**Task description**
The answer must reproduce all of the data below exactly and contain no images.
BEGIN
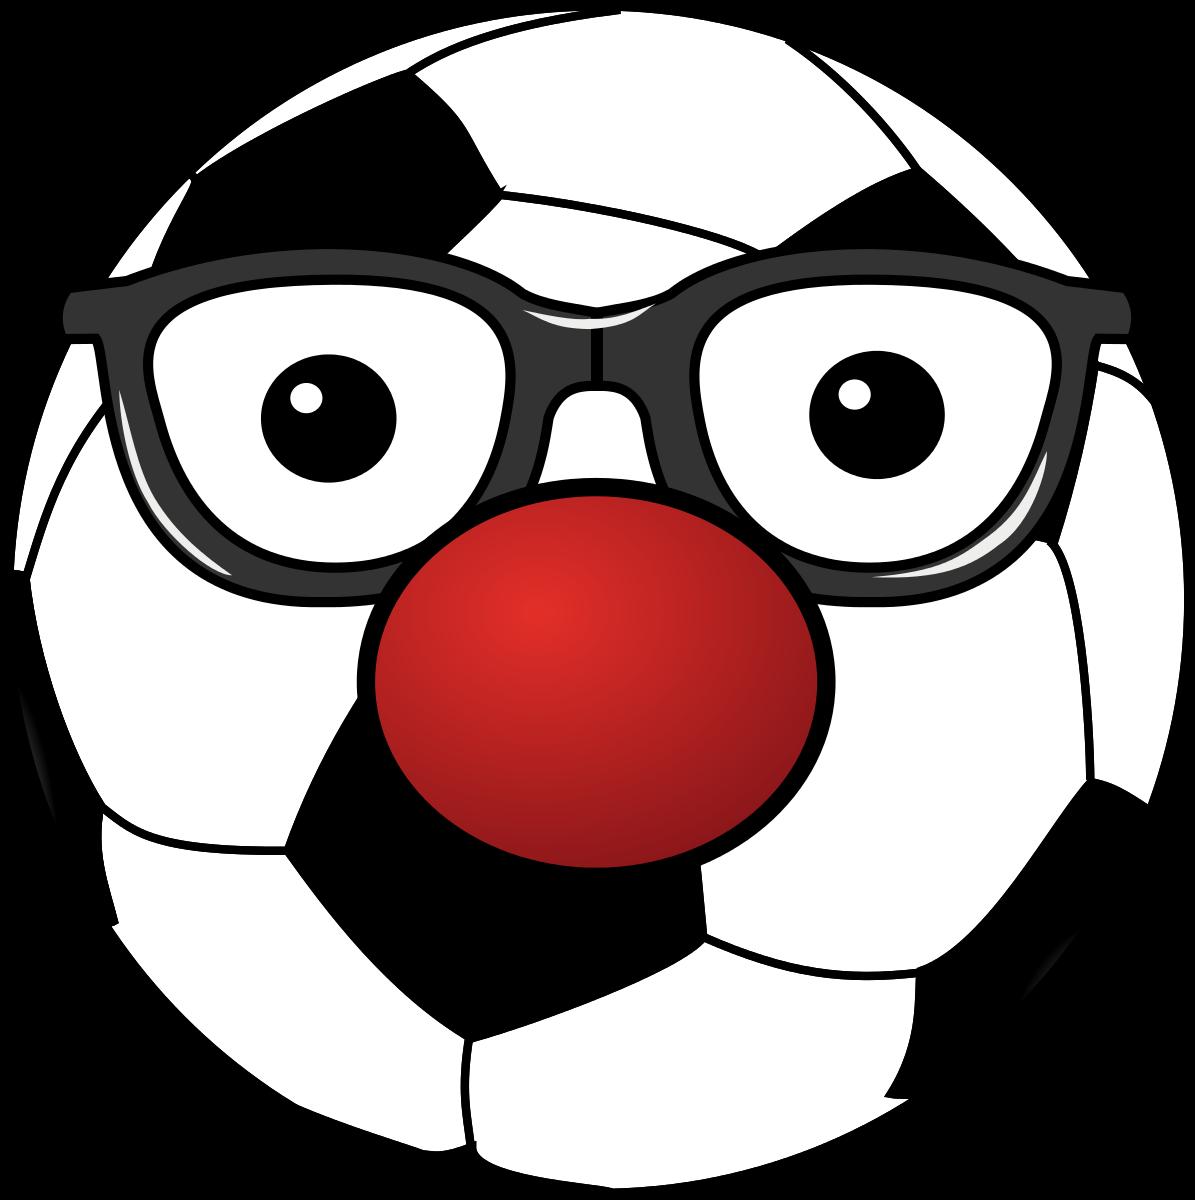 1195x1200 Soccer Ball Clip Art
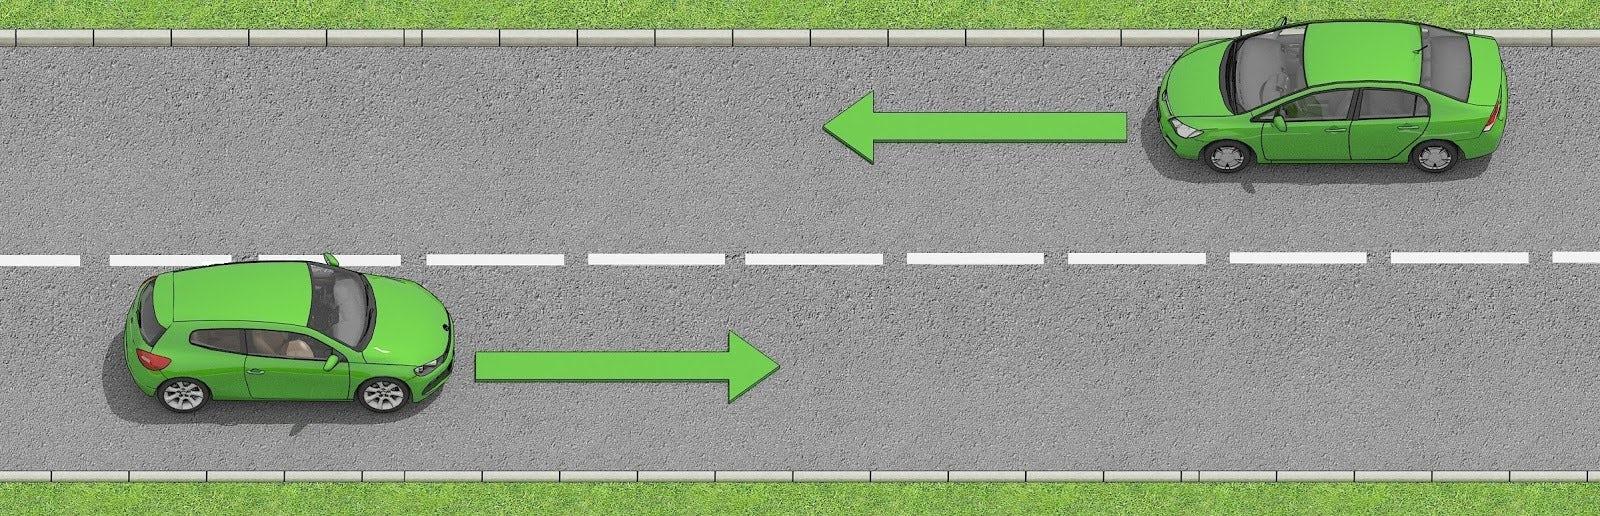 Två bilar som möts på väg där det är varningslinjer som delar vägen.
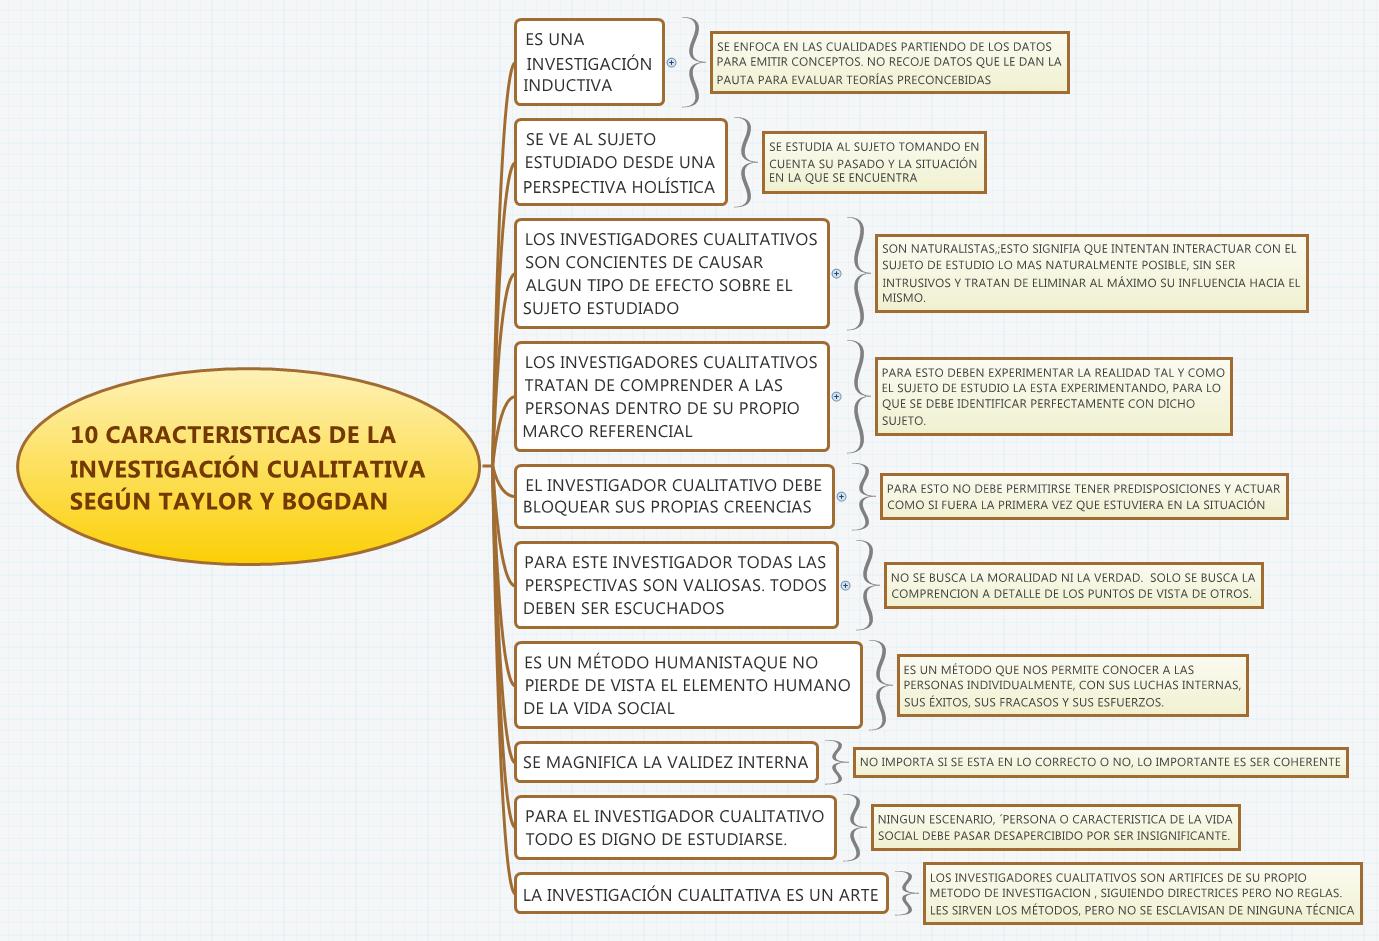 10 caracteristicas de la investigaci n cualitativa seg n for Que es la oficina y sus caracteristicas
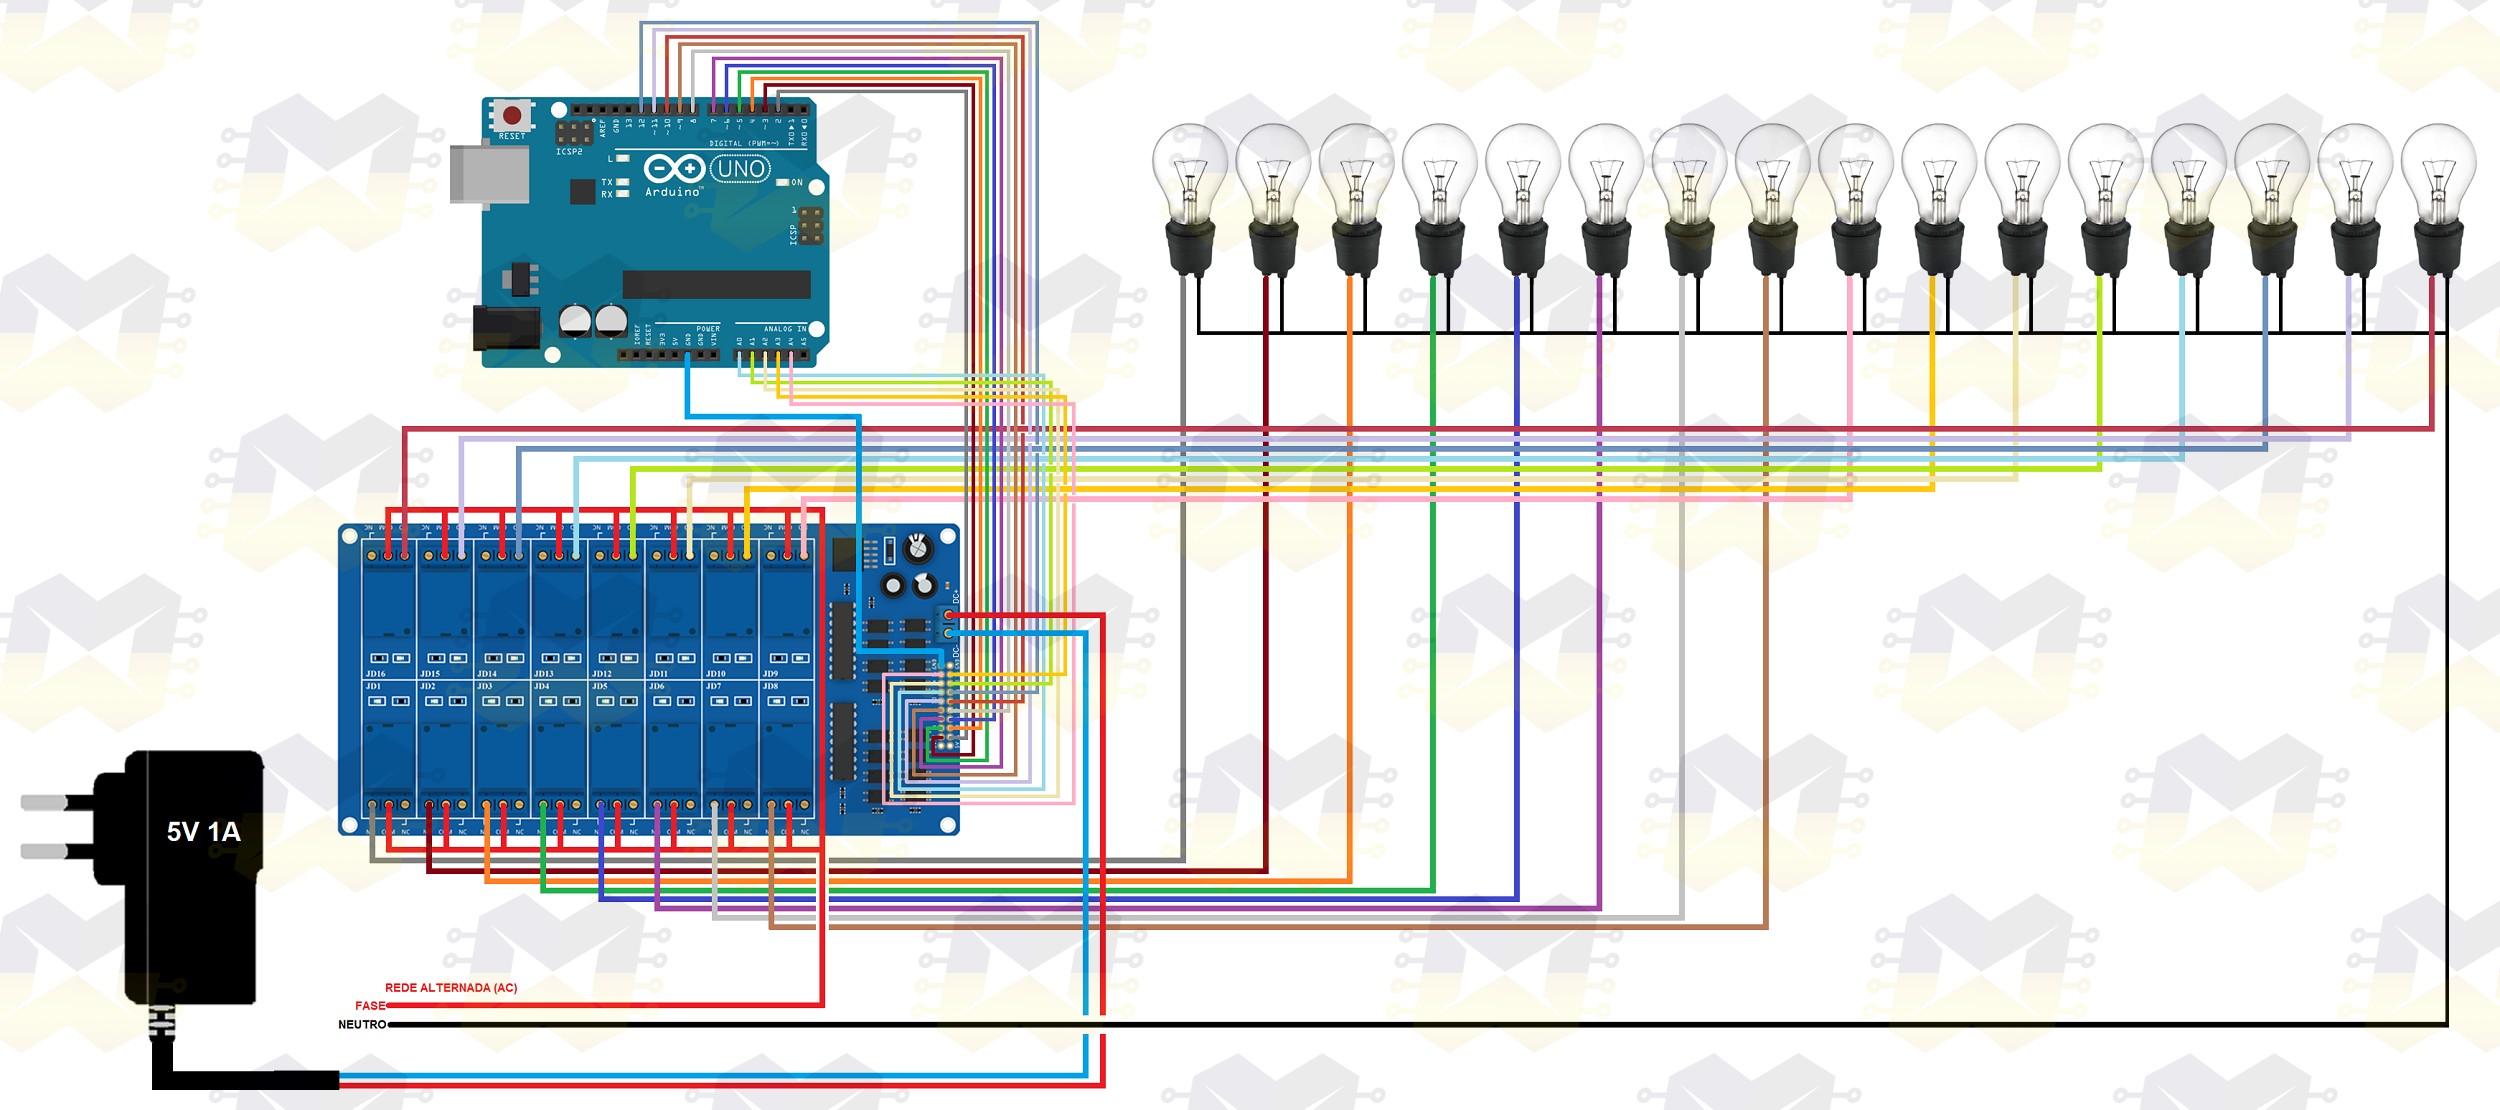 img01_como_usar_com_arduino_modulo_rele_5v_de_16_canais_uno_mega_2560_nano_automacao_residencial_lampada_blynk_esp32_esp8266
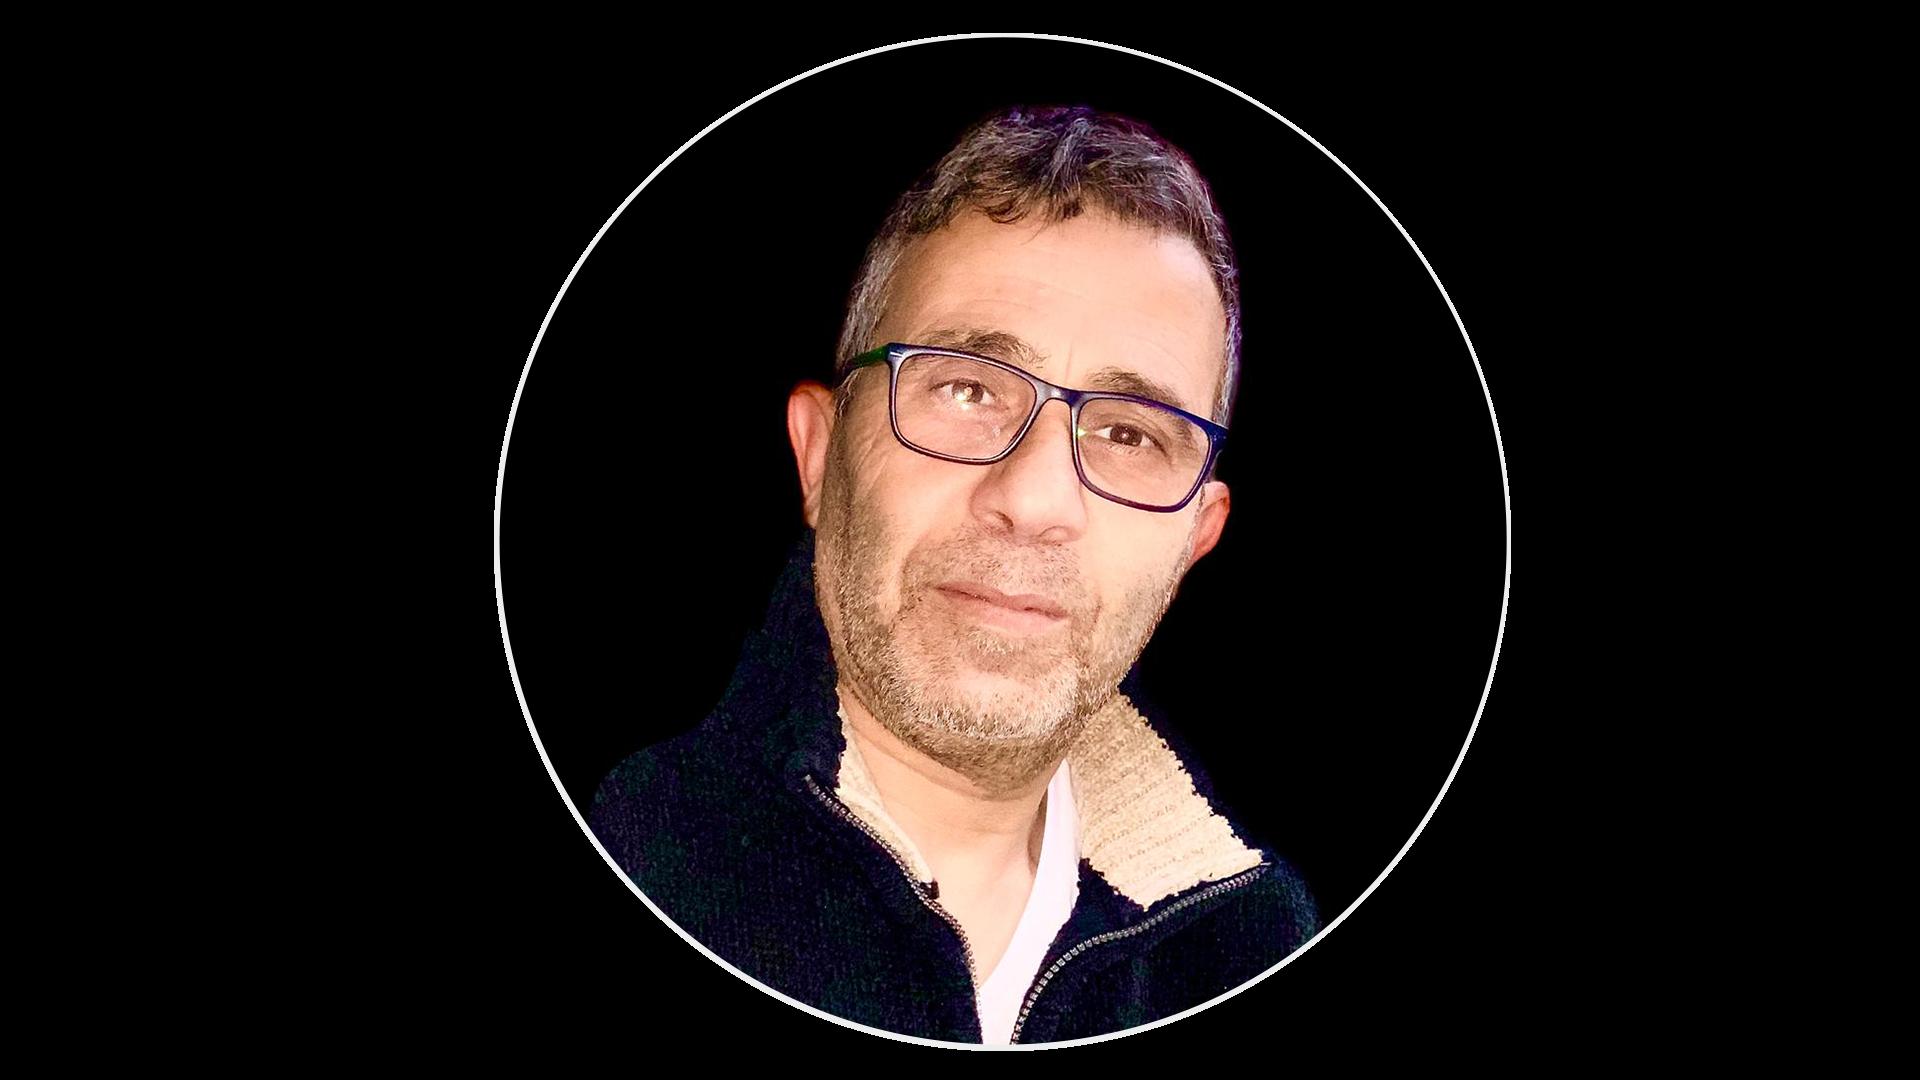 Djamel Ayachi
END
**Written solution**
 1195x1200 Soccer Ball Clip Art
 Två bilar som möts på väg där det är varningslinjer som delar vägen.
 10 caracteristicas de la investigaci n cualitativa seg n for Que es la oficina y sus caracteristicas
 img01_como_usar_com_arduino_modulo_rele_5v_de_16_canais_uno_mega_2560_nano_automacao_residencial_lampada_blynk_esp32_esp8266
 Djamel Ayachi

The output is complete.